Liverpool were composed, sharp and feeding off the support of the crowd. Shrewsbury were remarkably flat by comparison. Even taking their struggles in League One into account, the visitors produced an underwhelming first-half display that clearly irked manager Sam Ricketts judging by his touchline demeanour. They may have been unable to rise to the occasion due to Liverpool’s dominance of the ball but Shrewsbury also failed to make their physical advantage count or threaten Caoimhin Kelleher’s goal by any means.
As in the first encounter, Shrewsbury displayed greater belief and intensity after the break to finally exert some pressure on the Liverpool goal. Their problem, but not for the tie as a spectacle, was that the hosts lifted their level too.

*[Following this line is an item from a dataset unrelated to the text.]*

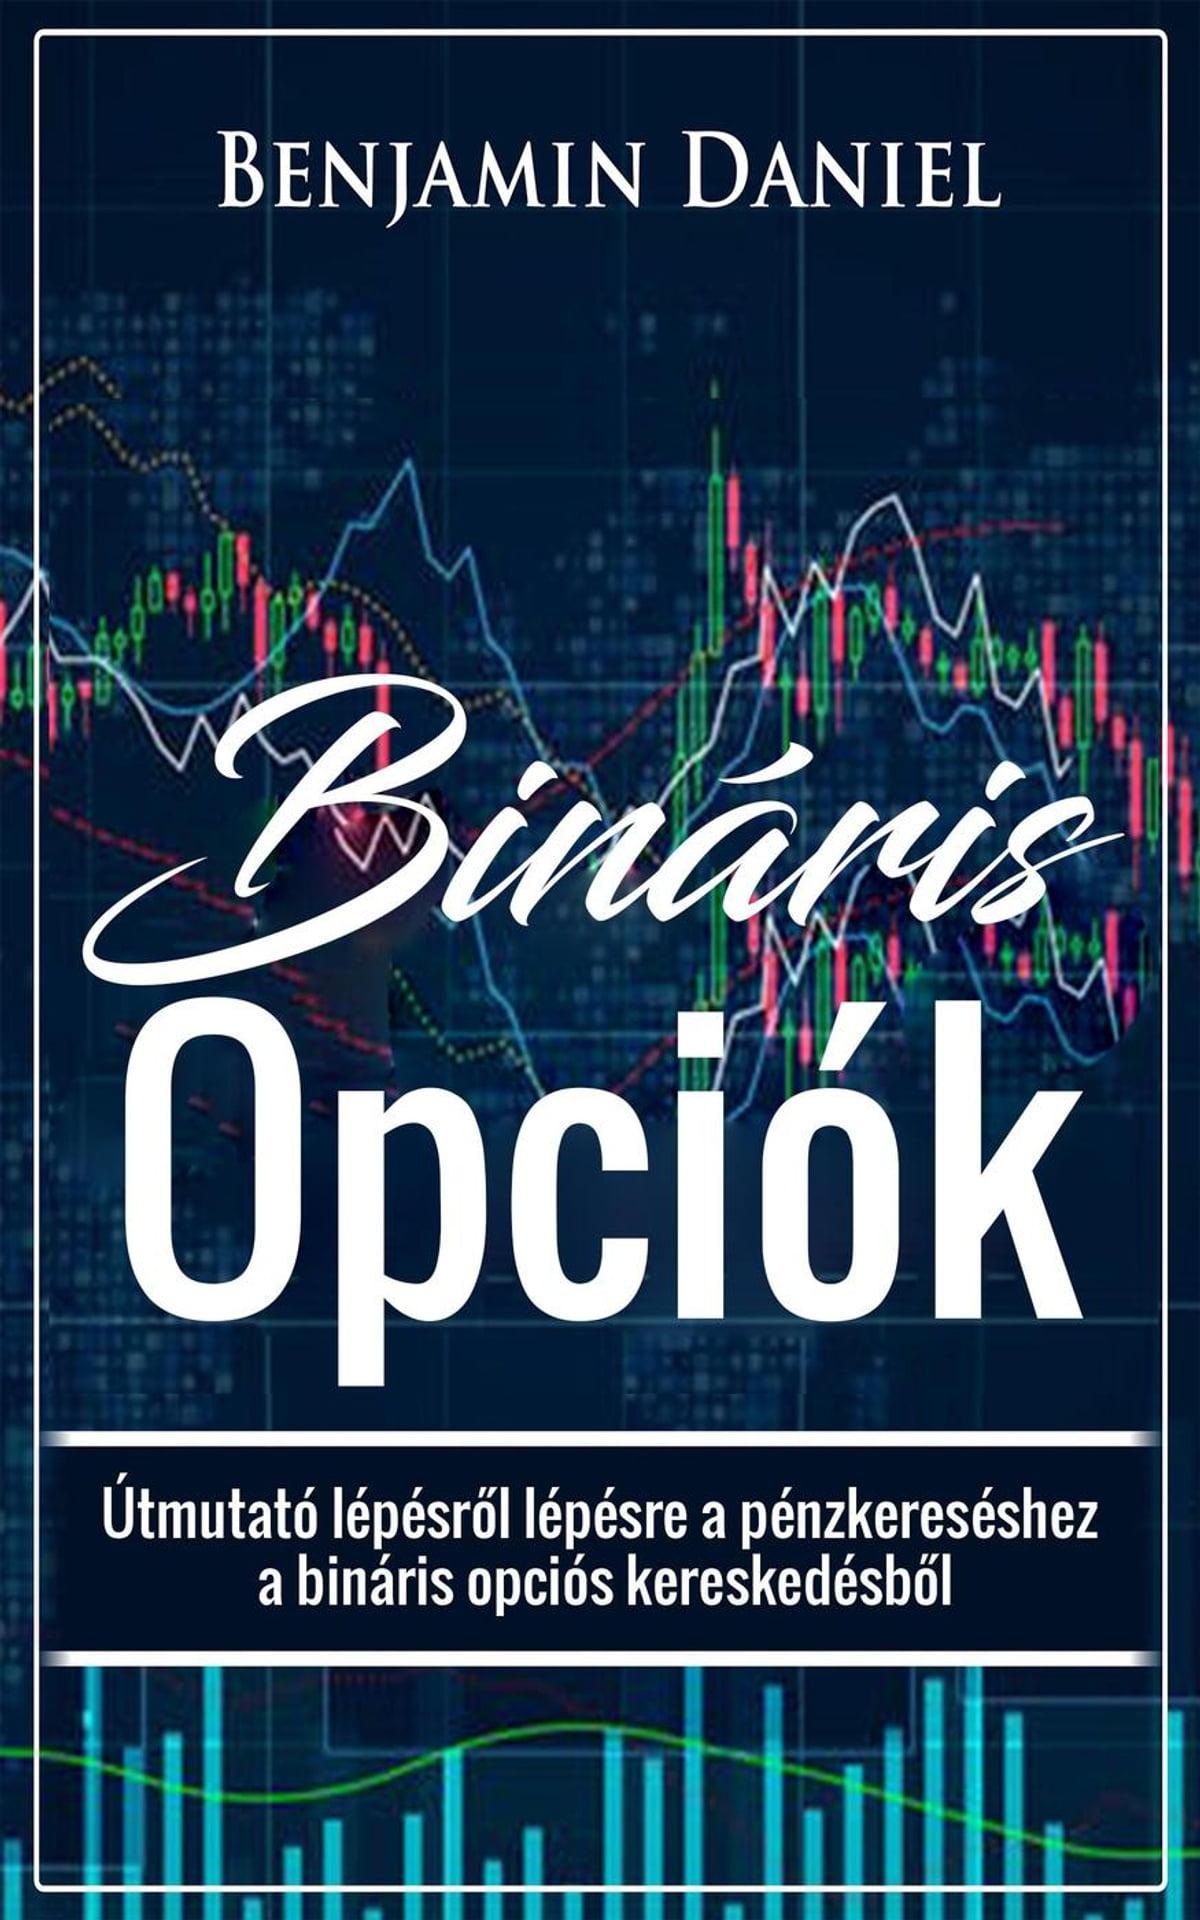 bináris opciós kereskedési rendszer 60 másodperces nyereség kinek kell panaszkodnia a bináris opciókról

Williams had the majority of Liverpool’s chances despite operating on the right of defence. Trent Alexander-Arnold’s spirit of adventure has evidently rubbed off. The Wales Under-19 international swept a half volley over from a neatly worked corner and was then denied by an instinctive save from O’Leary after fine work from Elliott. The former Fulham winger released Williams with a perfectly weighted pass across the Shrewsbury penalty area. The full-back placed his shot towards the bottom corner but O’Leary saved with his feet.
Ricketts introduced Daniel Udoh for the injured Lang and the substitute made an immediate impact. It could have been defining but for VAR. Udoh’s first contribution was to spin away from Williams on the left and cross low for David Edwards as he arrived unmarked in the Liverpool area.
Kelleher kept out the captain’s shot at close range but, from the rebound, Whalley headed home to send the away fans into raptures in the Anfield Road stand. Then came the dreaded wait for VAR. It found Udoh had been offside in the build-up and instead it was the Liverpool fans who were celebrating as the goal was disallowed.
Edwards urged his teammates to keep their heads amid the deflation. Unfortunately for Shrewsbury and their hopes of a lucrative trip to Stamford Bridge in the next round, Williams used his with telling consequences.
There were 15 minutes remaining when O’Leary threw the ball towards substitute Jason Cummings, Shrewsbury’s two-goal hero last time out, but Liverpool’s Williams intercepted easily. He returned the ball deep into the Shrewsbury area where the central defender, unaware that his goalkeeper was coming to collect, headed over O’Leary and into his own net. The kids were through, deservedly so.